There are lots of ways to get promoted. Hard work, diligence, nepotism... But at some companies, not even having a relative in a senior position is worth much when it comes to climbing up the ranks. (See also: 12 Unique Ways to Score a Job Interview)
Read on for three of the quirkiest, most inventive promotion methods you've ever heard of. They're anything but run of the mill.
Seven years ago a team of Google's senior-most data crunchers set out to create a mathematical equation to determine who got promoted and when. "We wanted analytics to spit out our people decisions," says Google VP of People Analytics Prasad Setty. Previously, the company's top dogs would gather for several days at a hotel where they would scour performance reviews and ultimately hand out promotions to those employees they concluded were most deserving. It was an exhausting and time-consuming process, one that Google executives believed big data could accomplish more efficiently. And so the fate of thousands of employees was entrusted to an algorithm.

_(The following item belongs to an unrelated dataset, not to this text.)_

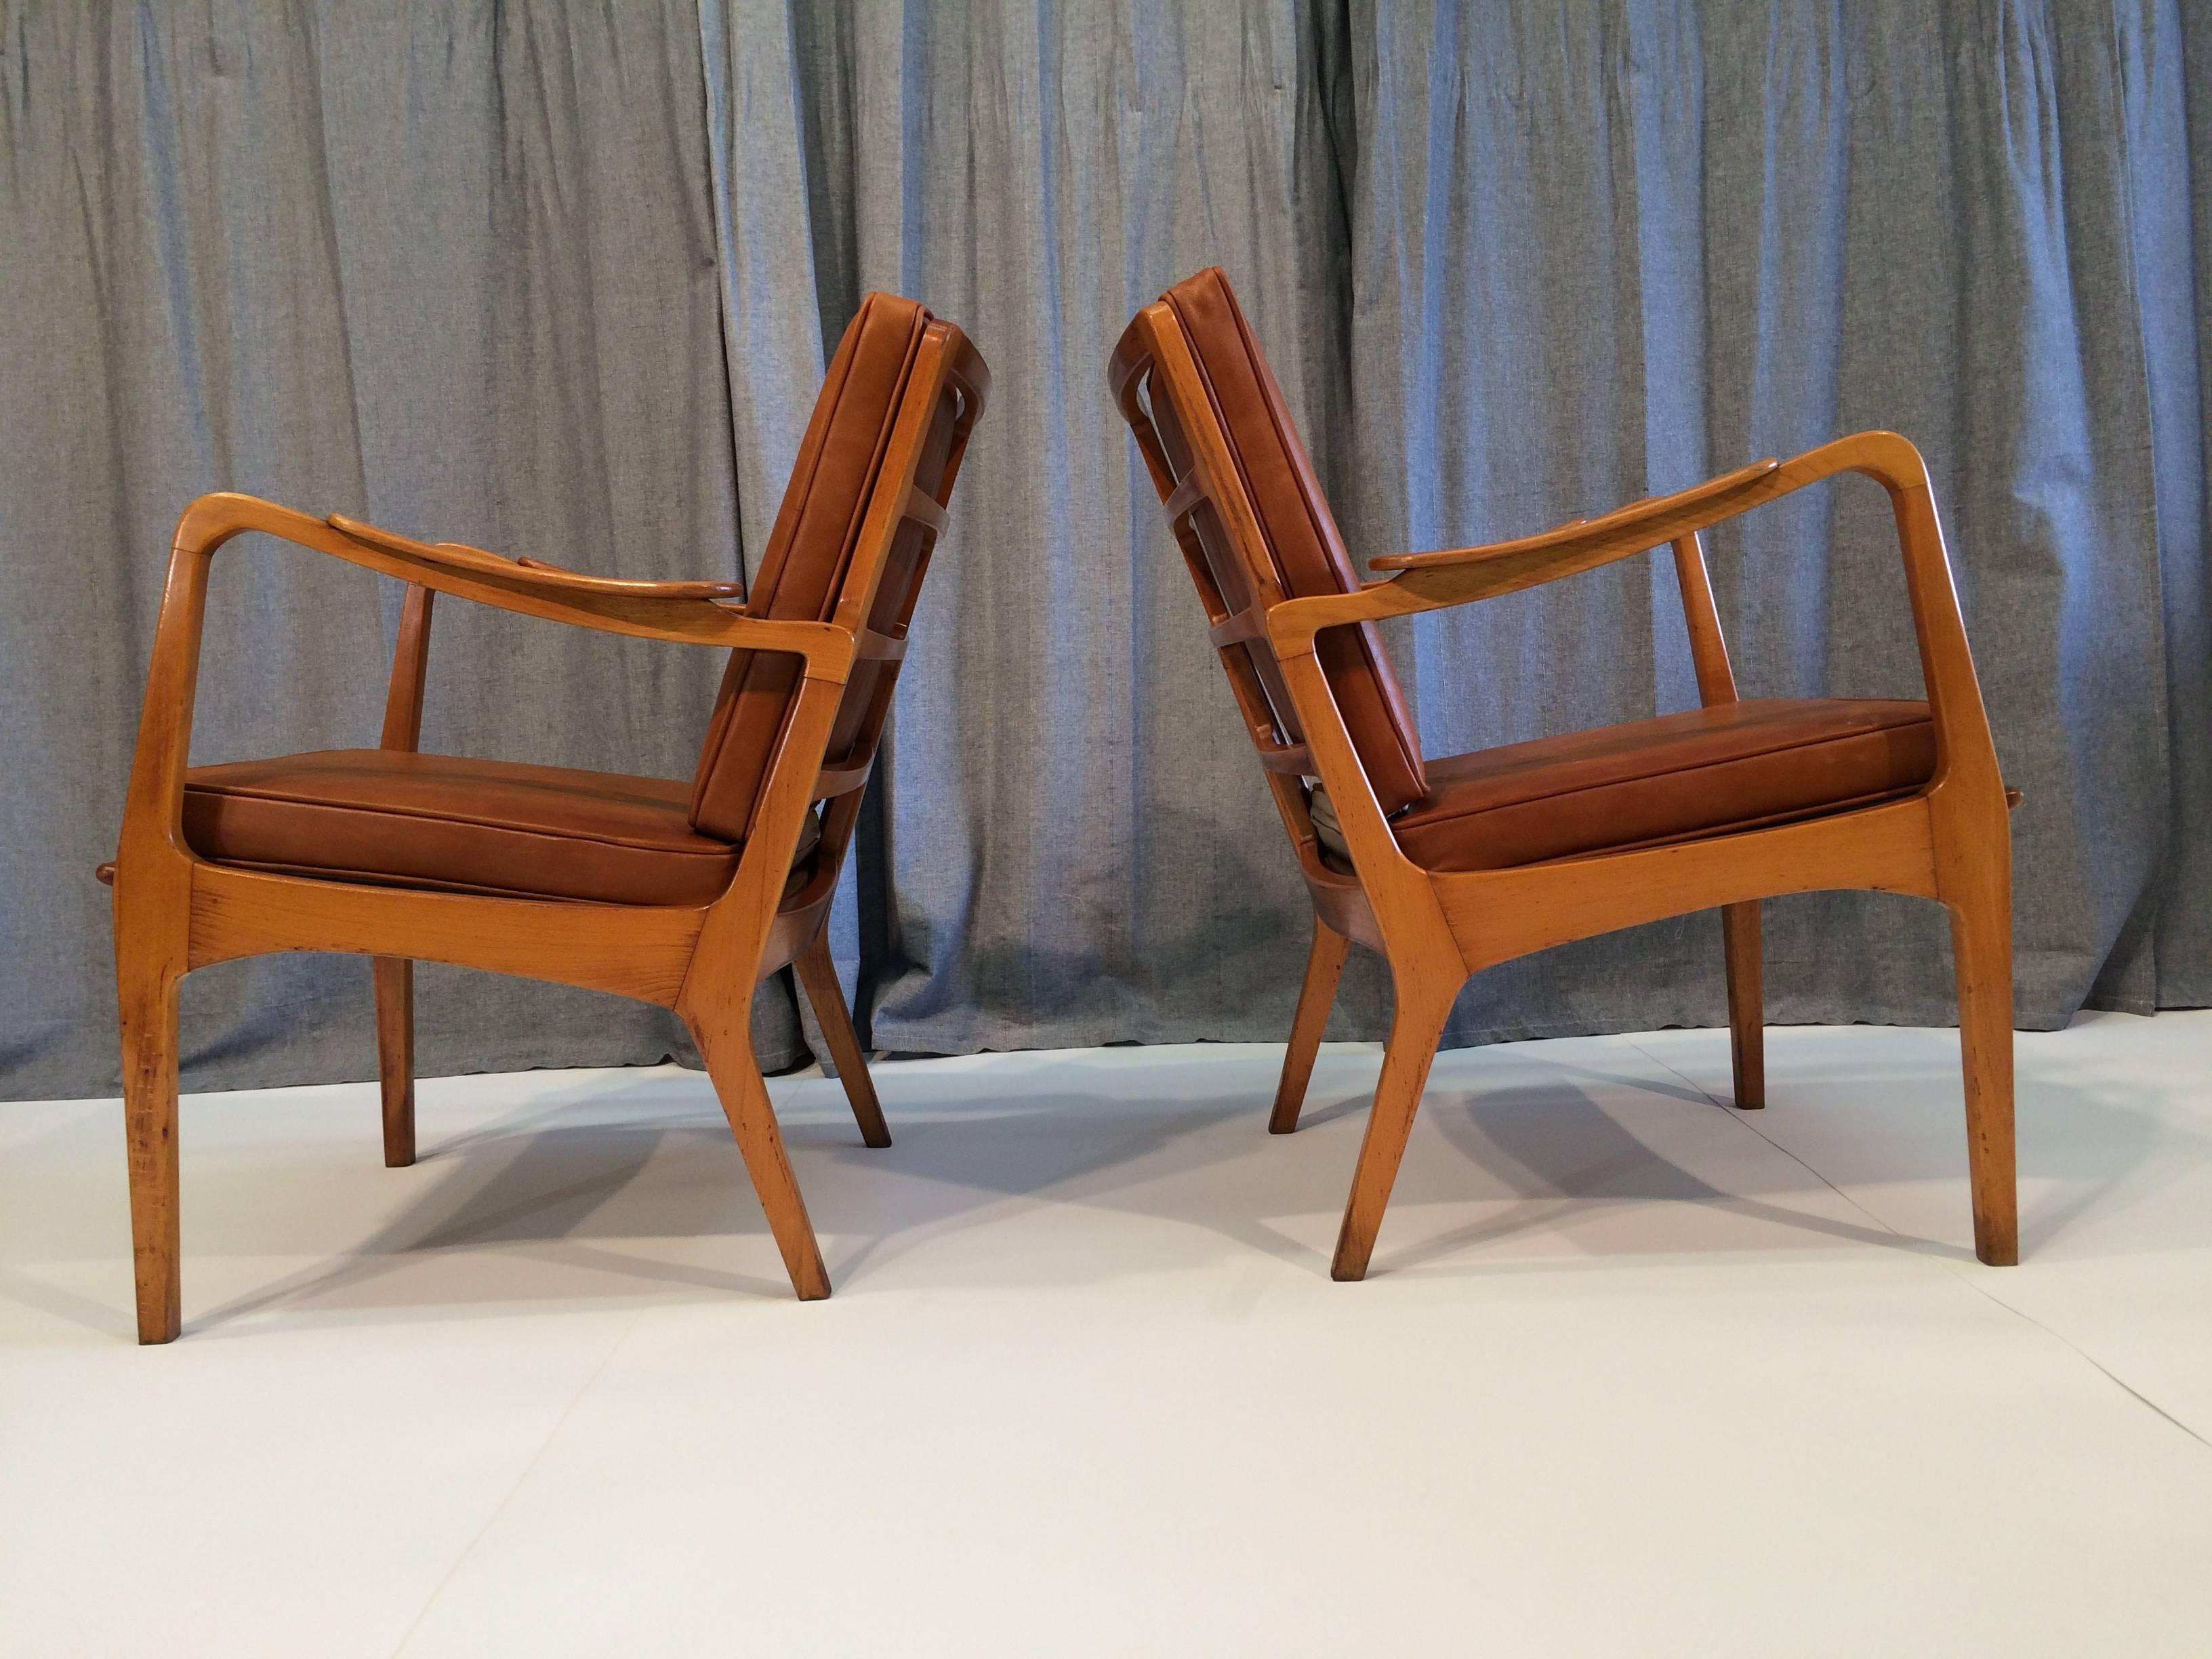 Beautiful Pair of Danish Armchairs, Denmark, 1950s Birch and Cognac Leather 2

Turns out, people didn't like that much. "We thought that these people who lived in the world of search and ads algorithms all day long would love this," Setty says. But when the algorithm was presented to Google's hiring committees, they were completely unreceptive. They simply didn't think an algorithm could replace the consideration and care that goes into human resources decisions. And so, after much debate, Google executives agreed that people should make people decisions. Data still contributes to Google's promotions processes, but it's people that are at the reigns.
It seems robots won't be taking over for human resources managers anytime soon.
Organizations would be more efficient if they promoted people at random. That's the counterintuitive conclusion arrived at by three Italian researchers who were awarded the 2010 Ig Nobel prize in management for their research. Their work is based on the Peter Principle, the idea that merit-based promotion results in many people assuming positions that exceed their level of competency. To fix this problem, the researchers simply removed merit from the equation. What they found is that when people win promotions by lottery, the entire organization performs better. Yes, we know it sounds crazy, but these researchers did the math to back it up.
What the Italians didn't consider, however, is the reaction of employees when informed by management that when it comes to future promotions, their hard work and accomplishments won't be considered. (We predict the scene would be something just short of the apocalypse.)
Proteus International weighs a person's sense of humor when making hiring and promotion decisions, according to founding partner Erika Andersen. "Last year we had two final candidates for an admin job in our company; both looked great on paper, and their phone interviews had been positive," she writes in an explainer on Forbes. "We then had both candidates do an in-person 'inbox simulation' — in effect, a couple of hours doing tasks and interactions he or she would do on the job. So both people came into the office and spent a couple of hours with us. It quickly became very clear which person we wanted. A key difference: One candidate had a sense of humor, while the other was almost completely humorless."
It wasn't that the chosen candidate told jokes; rather, she was quick-witted and funny in an understated sort of way. Andersen explains, "When I said, 'You're a native New Yorker? I don't meet many of those,' she replied, 'Yeah, I know more people in New York who are from other countries than from other boroughs.'" Nothing worthy of an SNL performance, but it's the kind of clever and light-hearted remark that makes a person generally pleasant to be around.
As it turns out, humor is valued by executives far beyond the boardroom at Proteus International. A recent survey by Robert Half Finance found that 79% of chief financial officers believe an employee's sense of humor plays an important role in how well they fit in with the company's corporate culture. Many of those surveyed also said they believe a person with a sense of humor produces better work.
What's the strangest way you've been promoted?